Data entries:

=== Begin Enclosure ===

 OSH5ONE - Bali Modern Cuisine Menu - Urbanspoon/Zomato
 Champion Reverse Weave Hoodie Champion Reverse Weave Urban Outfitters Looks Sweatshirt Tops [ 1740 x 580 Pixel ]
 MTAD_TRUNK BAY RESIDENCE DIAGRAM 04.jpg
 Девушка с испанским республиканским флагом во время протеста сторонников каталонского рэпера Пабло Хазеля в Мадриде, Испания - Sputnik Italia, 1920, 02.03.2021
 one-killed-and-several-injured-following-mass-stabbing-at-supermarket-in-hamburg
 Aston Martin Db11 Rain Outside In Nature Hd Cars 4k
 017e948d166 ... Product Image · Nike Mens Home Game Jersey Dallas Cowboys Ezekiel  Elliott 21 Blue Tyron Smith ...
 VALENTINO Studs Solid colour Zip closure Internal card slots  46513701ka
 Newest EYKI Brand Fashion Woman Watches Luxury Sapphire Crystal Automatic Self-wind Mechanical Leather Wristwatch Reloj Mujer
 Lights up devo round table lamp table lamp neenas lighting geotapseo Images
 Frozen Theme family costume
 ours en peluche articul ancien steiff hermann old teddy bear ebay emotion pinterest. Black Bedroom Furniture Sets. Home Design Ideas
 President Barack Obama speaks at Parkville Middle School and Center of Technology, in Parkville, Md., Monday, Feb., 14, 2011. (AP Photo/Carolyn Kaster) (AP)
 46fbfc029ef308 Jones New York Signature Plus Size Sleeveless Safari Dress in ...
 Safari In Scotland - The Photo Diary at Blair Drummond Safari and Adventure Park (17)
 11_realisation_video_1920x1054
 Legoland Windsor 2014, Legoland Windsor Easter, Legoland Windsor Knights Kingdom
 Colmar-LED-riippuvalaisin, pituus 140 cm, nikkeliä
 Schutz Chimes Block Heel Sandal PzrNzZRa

=== End Enclosure ===

> To do: Please restate, exactly as written, the line that holds "Champion Reverse Weave Hoodie" and all remaining lines of the data above, and only those.

> Problem solution:
 Champion Reverse Weave Hoodie Champion Reverse Weave Urban Outfitters Looks Sweatshirt Tops [ 1740 x 580 Pixel ]
 MTAD_TRUNK BAY RESIDENCE DIAGRAM 04.jpg
 Девушка с испанским республиканским флагом во время протеста сторонников каталонского рэпера Пабло Хазеля в Мадриде, Испания - Sputnik Italia, 1920, 02.03.2021
 one-killed-and-several-injured-following-mass-stabbing-at-supermarket-in-hamburg
 Aston Martin Db11 Rain Outside In Nature Hd Cars 4k
 017e948d166 ... Product Image · Nike Mens Home Game Jersey Dallas Cowboys Ezekiel  Elliott 21 Blue Tyron Smith ...
 VALENTINO Studs Solid colour Zip closure Internal card slots  46513701ka
 Newest EYKI Brand Fashion Woman Watches Luxury Sapphire Crystal Automatic Self-wind Mechanical Leather Wristwatch Reloj Mujer
 Lights up devo round table lamp table lamp neenas lighting geotapseo Images
 Frozen Theme family costume
 ours en peluche articul ancien steiff hermann old teddy bear ebay emotion pinterest. Black Bedroom Furniture Sets. Home Design Ideas
 President Barack Obama speaks at Parkville Middle School and Center of Technology, in Parkville, Md., Monday, Feb., 14, 2011. (AP Photo/Carolyn Kaster) (AP)
 46fbfc029ef308 Jones New York Signature Plus Size Sleeveless Safari Dress in ...
 Safari In Scotland - The Photo Diary at Blair Drummond Safari and Adventure Park (17)
 11_realisation_video_1920x1054
 Legoland Windsor 2014, Legoland Windsor Easter, Legoland Windsor Knights Kingdom
 Colmar-LED-riippuvalaisin, pituus 140 cm, nikkeliä
 Schutz Chimes Block Heel Sandal PzrNzZRa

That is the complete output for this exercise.